Hi all ... I'm a university student from Canada. I am graduating this fall (I hope  ). 

I am looking for a little adventure and something different, so I was wanting to try living in Thailand for a while. 

However, I'm in need of a job. I'm just looking to hear if anyone has any advice about finding work for an engineering student with little to no experience 

I'm just looking for some sort of entry level job, get some experience and take home just enough money to pay the bills (my student loans included).

I don't ask the world ... or to be rich ... just to be happy and try something new.

So, does anyone have some advice? I'm not really sure where to start, where to look, what to look for, what a decent salary is over there (or living expenses). 

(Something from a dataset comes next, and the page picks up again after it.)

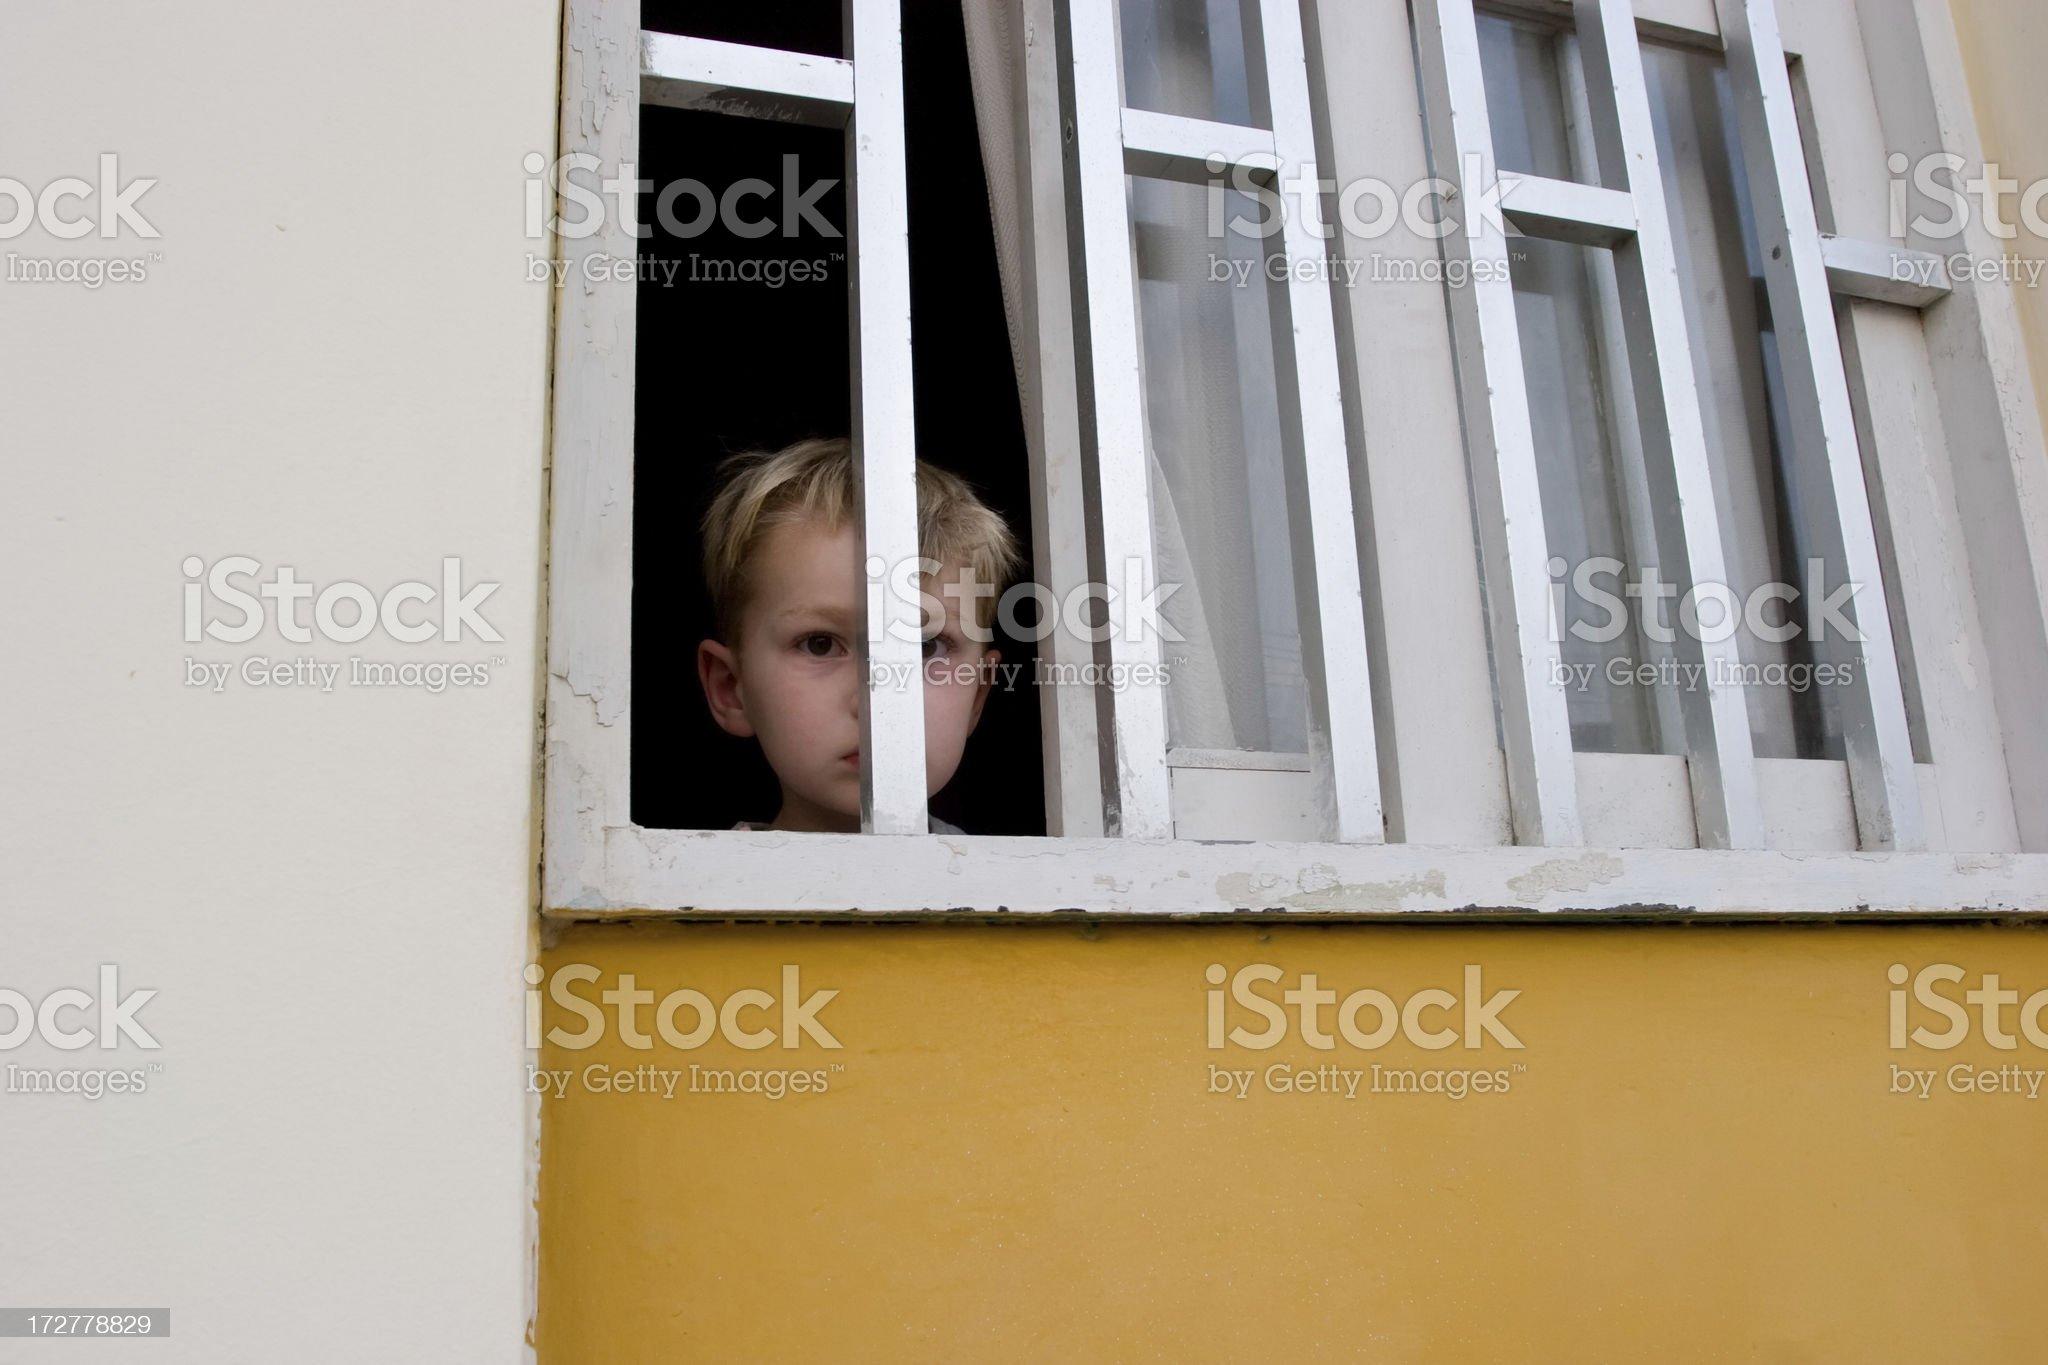 Child behind bars royalty-free stock photo

I briefly looked at the topics in the forum and didn't really see anything dealing with a student fresh out of university. So that's why I created a new topic. I will look through other topics tomorrow sometime  

Anyway, any help/advice is appreciated here.


----------



## Bevdeforges (Nov 16, 2007)

Not to discourage you, but you would have more luck finding a job overseas if you had a few years experience under your belt. Try to find a job locally for an international company that could maybe send you overseas - for business trips at first, and then maybe for a full transfer (with expat benefits!).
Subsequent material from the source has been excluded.